Sunday, December 09, 2012

Jokes Gone Bad [344/365]

Practical jokes are serious stuff.
They are intended to be humorous, but sometimes can go seriously wrong.

I'm sure we would have heard of atleast one such joke that went horribly wrong.
Today, the world heard of another practical joke that ended in tragedy. Of Indian-born nurse Jacintha Saldanha.

The unfortunate victim of a prank call made by Australian DJs, Mel Greig and Michael Christian, who masqueraded as Queen Elizabeth II and Prince Charles. The voices were a poor imitation of the royals, but the damage was done. Ms Saldanha was found dead in her nurses' accommodation today.

What provokes anger in a sane person is how the radio station continued to play the prank call eight hours after news of the suicide was made public.
While the station promptly suspended the DJs who have not spoken 'out of respect' for Ms Saldanha, this incident has gone a couple of notches beyond comic relief.

Surely, the radio station did consult their well-paid attorneys before their elaborate stunt, but all sane advice cannot bring nurse Saldanha back to life.
A couple of months ago, I recalled how practical jokes can be cruel. Even demeaning and potentially traumatic. Today, the world saw the dark underbelly of practical jokes gone bad.

With the details of the prank call trickling out, we are now aware that nurse Saldanha only received and transferred the call to the ward nurse caring for the duchess. Apparently Saldanha was not reprimanded nor put through the wringer for doing what she did.
While I lament at the lack of a system that should have screened and filtered calls before being transferred to a patient of such a profile, I think what the world is really aggrieved about is the callousness of the radio station DJs and the management who have stood by their prank.

Nurse Jacintha will not be able to see the lighter side of this prank. Being the person that she was, I'd imagine she held herself responsible for the incredible mess. She would've blamed herself for transferring the call that resulted in so much fuss. But we'll never know.

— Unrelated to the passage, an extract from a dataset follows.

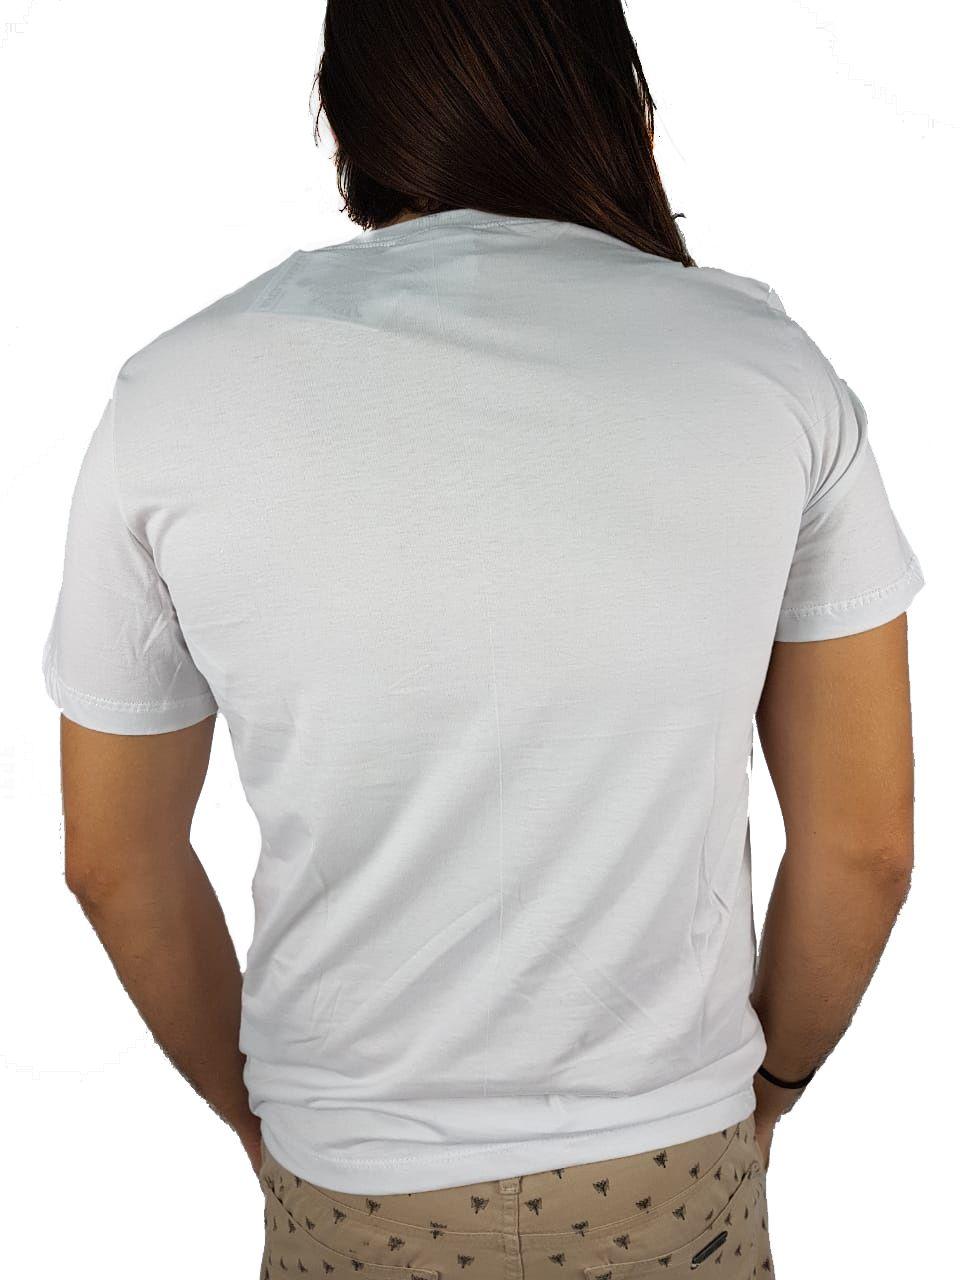 Camiseta Cavalera Masculina Manga Curta He Man

While the radio station never meant for things to turn out the way it did, and may have just followed in the time-tested tradition of pranking, will it apologize for the insensitivity and the loss? It may bow down to pressure but never mean it.
Will this mean the end to all practical jokes in the media? Definitely not.

Was there a more sinister reason why she took her own life? Inquests will reveal that.
Was Jacintha right in taking her own life? I doubt.

Killing herself was such a cowardly way to go especially when she was as talented, as intelligent, as caring and as hardworking as her friends, colleagues and family say she was. Why didn't she think of the trauma and the loss that her family will suffer upon death?